Keywords: Akt, apoptosis, autophagy, Deptor, mammalian target of rapamycin (mTOR), mLST8, mSIN1, mTORC1, mTORC2, necroptosis, oxidative stress, PI 3-K, PRAS40, Protor-1, p70S6K, Raptor, Rictor, SGK1, stroke
Incidence and Current Therapeutic Strategies for Cerebrovascular Disease
For 2011, an approximate 1% decrease in the age-adjusted death rate was reported for the United States population derived from information on mortality data for the years of 2000 through 2011 (1). Life expectancy is now believed to be approaching almost 80 years for all individuals. The five leading causes of death are cardiac disease, cancer, chronic lower respiratory disease, stroke, and traumatic accidents (2). Interestingly in this analysis, stroke is no longer ranked as the third leading cause of death. A number of factors may have contributed to this lower ranking for stroke that include improved long-term care with disorders tied to hypertension and low-density lipoprotein cholesterol management, reduction in tobacco consumption, improved public education and awareness for the need for rapid treatment of cerebrovascular disorders, and improved management of metabolic disorders such as diabetes (3, 4). Furthermore, treatment with recombinant tissue plasminogen activator in an applicable sub-group of patients that requires a narrow therapeutic window also has led to a reduction in mortality and morbidity in patients presenting with stroke (5, 6). However, overall therapeutic strategies for patients presenting with stroke remain limited for the majority of patients. A number of new therapeutic considerations for stroke, ischemic vascular disease, and central nervous system inflammation under investigation focus upon cytokines (7–19), growth factors (20), progenitor cells (21), normobaric hyperoxia (22), metallic ions (23), cellular metabolism (24), small molecular regulators of hypoxia inducible factor (25), tissue kallikrein (26), and retinoblastoma protein (27). Yet, gaining exceptional and more recent interest as a novel strategy for stroke and cerebrovascular disease is the role of the mammalian target of rapamycin (mTOR) (28–30).

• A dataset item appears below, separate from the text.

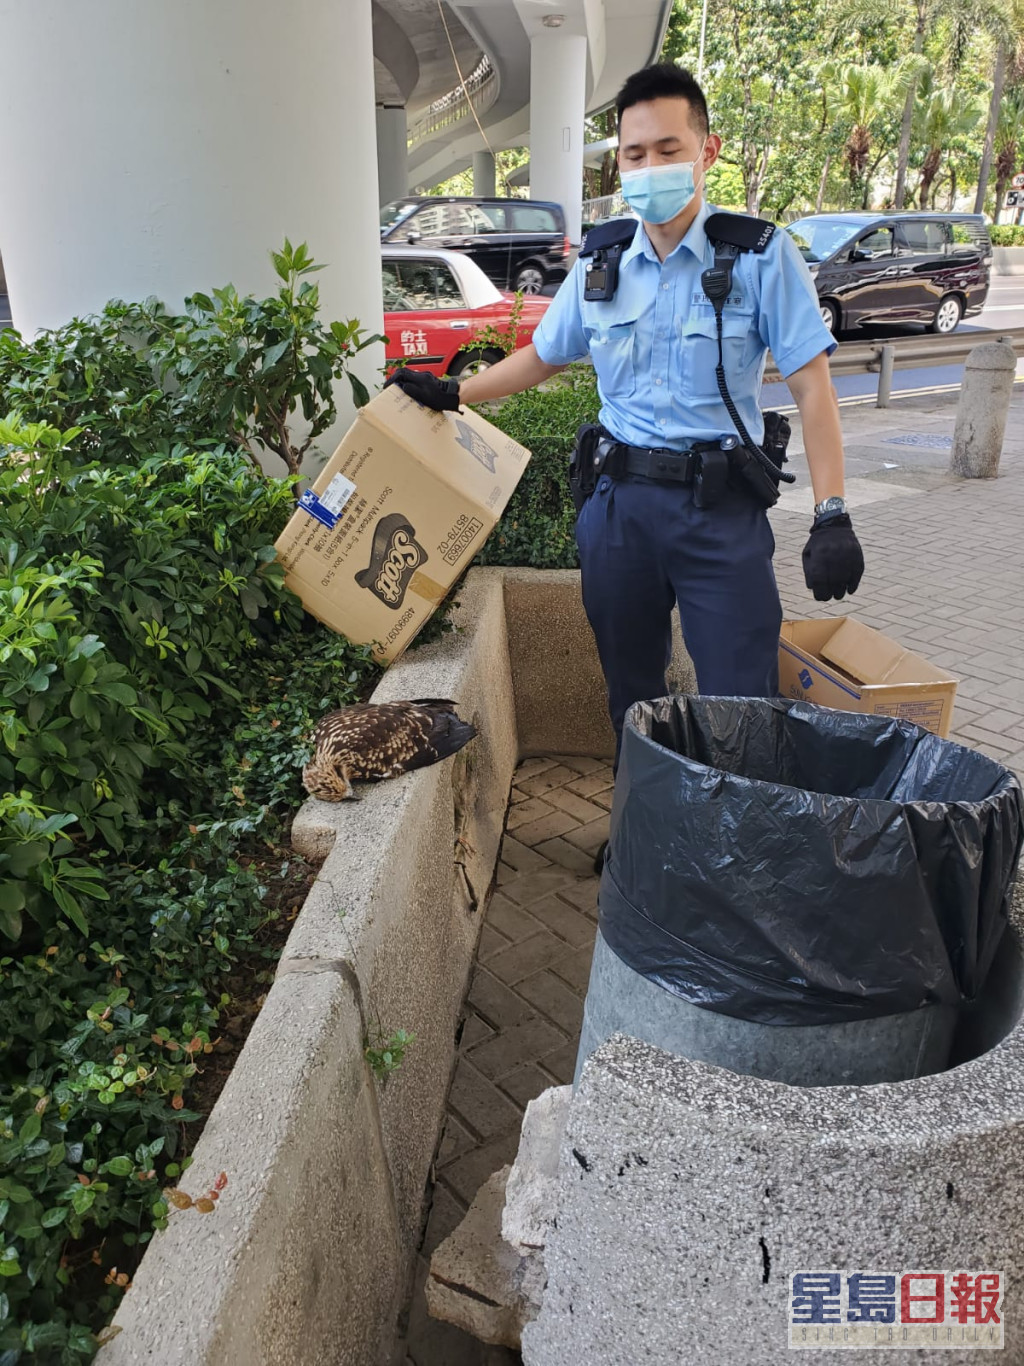 有警員找來紙皮箱備用。

Mechanistic Avenues of Consideration for mTOR
mTOR (also known as the mechanistic target of rapamycin and FK506-binding protein 12-rapamycin complex-associated protein 1) is a 289-kDa serine/threonine protein kinase. It was initially isolated in yeast in Saccharomyces cerevisiae with the identification of the genes TOR1 and TOR2 that encode two isoforms in yeast Tor1 and Tor2 (31). A single gene FRAP1 encodes mTOR in mammals, is ubiquitously expressed throughout the body, and modulates metabolism, cellular survival, gene transcription, and cytoskeletal components (29, 32–36).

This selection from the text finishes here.